What is Whole Life Insurance and How Can it be a Good Investment?
The increasing volatility of the economy has led to investors finding appeal in an “old workhorse”.
In the era of high economic uncertainty, some Canadians are looking to whole life insurance as a sustainable and reliable investment option. While this type of insurance may not be known by all, it’s not new. In fact, whole life insurance is an “old workhorse”, that’s been around for a long time.
Whole life insurance is a tax-efficient investment alternative for many Canadians and can be very appealing to those looking to diversify their portfolio.
Whole life insurance has the potential of generating income that provides funds while you are living on your investments during retirement without having any upfront costs! Sounds too good? Well, there’s even more: whole life also offers an element of protection from risk as well!
Why Whole Life Insurance Is a Good Investment:
- Tax advantages;
- Steady growth;
- Important estate benefits;
- Accumulating cash value that cannot decrease as long as premium payments are met.
TIP: Unlike other accumulation policies such as universal life insurance, mutual funds and equity investments, the cash value and divident value of a whole life policy cannot decrease as long as you are making your premium payments.
What Is Whole Life Insurance?
- It is permanent life insurance protection – meaning it won’t expire before you do! (note this is different from term insurance… don’t compare apples to oranges when considering policy advantages.
- It has level guaranteed premiums for the life of the policy. (Shorter premium paying periods are often available.) ((TRANSLATION: You will have a guaranteed death benefit and your premiums will be guaranteed to be the same/constant. So you DO NOT need to worry about premiums skyrocketing when you’re older (and retired, which double sucks).
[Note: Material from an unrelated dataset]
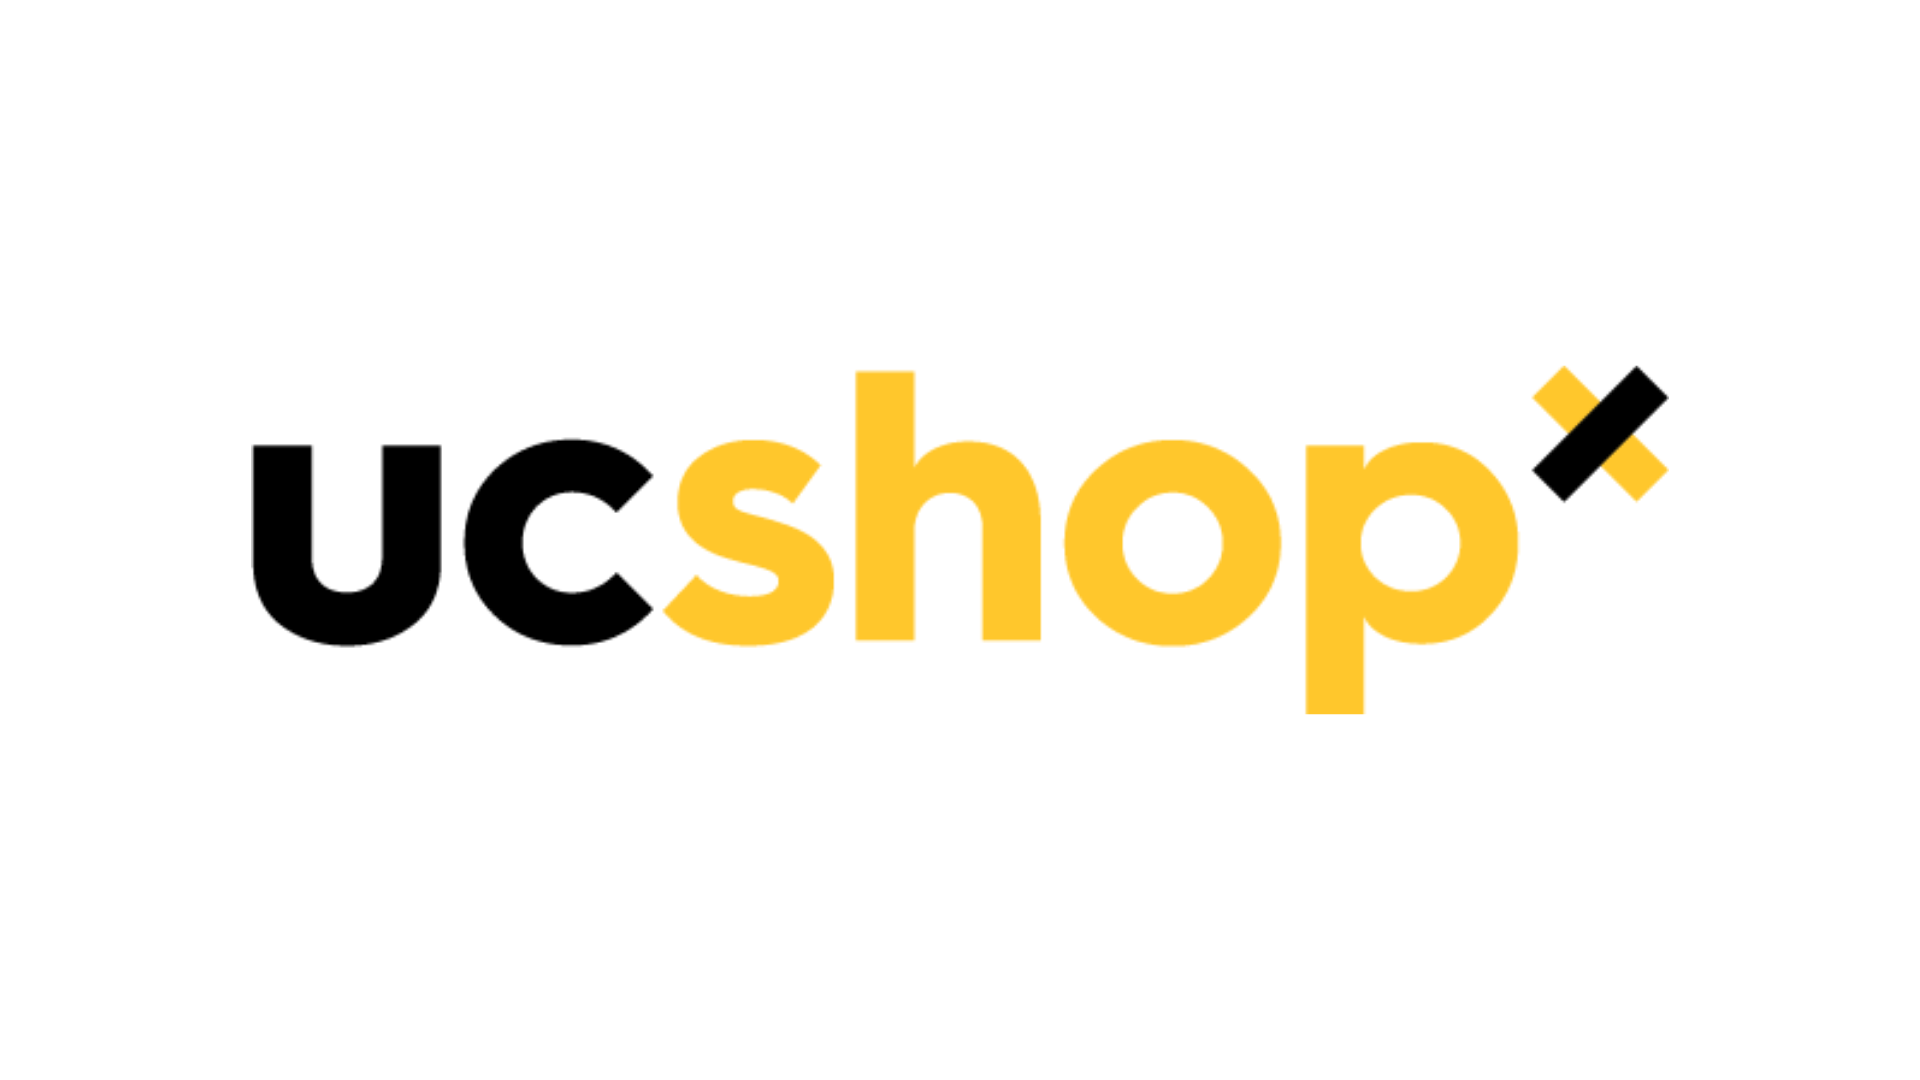 The word 'UCShopx' appears as a logo. The 'UC' portion appears in black while the 'shop' portion appears in yellow. The 'x' is indexed above the 'p' of 'shop' and is both black and yellow..

- It has tax-advantaged cash value growth. (and note that the insurance part of the death benefit is tax-free. So this is only on the investment portion).
- It can pay annual dividends (participating whole life). This can be used to increase the insurance (sometimes called paid up additions), or choose an alternate.
- Dividends can be taken in a number of different ways but the option most often selected to provide the maximum tax-advantaged growth is “paid-up additions.”
- The assets of the participating pool are professionally managed and largely in fixed-income investments. Management fees are extremely low (some as low as 0.07% management fee), and the funds have very little volatility.
- This combination of guaranteed cash value and the non-guaranteed portion from the dividend account grows tax-deferred. At death, it is paid to the beneficiary tax-free.
Can I Access the Cash Value in a Whole Life Insurance Policy?
Yes! During the lifetime of the person that is insured, the cash values in a whole life policy is accessible through a partial or total surrender, or a policy loan.
It’s important to understand that withdrawing can lead to income tax being payable, however, an alternative to this is using the policy as collateral and taking a loan from a third party lendor instead. If structured properly, the interest is then tax-deductible.
Do Whole Life Policies Compare Favourably to Long Term, High Yield Bonds?
Yes again! Most portfolio managers recommend that it’s prudent for an investor to have a diversified portfolio, including a significant portion in fixed-income investments such as bonds, term deposits, etc. Many suggest a range of one-third to 40% of an investment portfolio be this type in order to have balanced growth.
Including participating whole life in your portfolio can produce some significant results and reduce overall volatility. Whether investing as an individual or via a corporation, the significant results that can be achieved by using Participating Whole Life are worth investigating.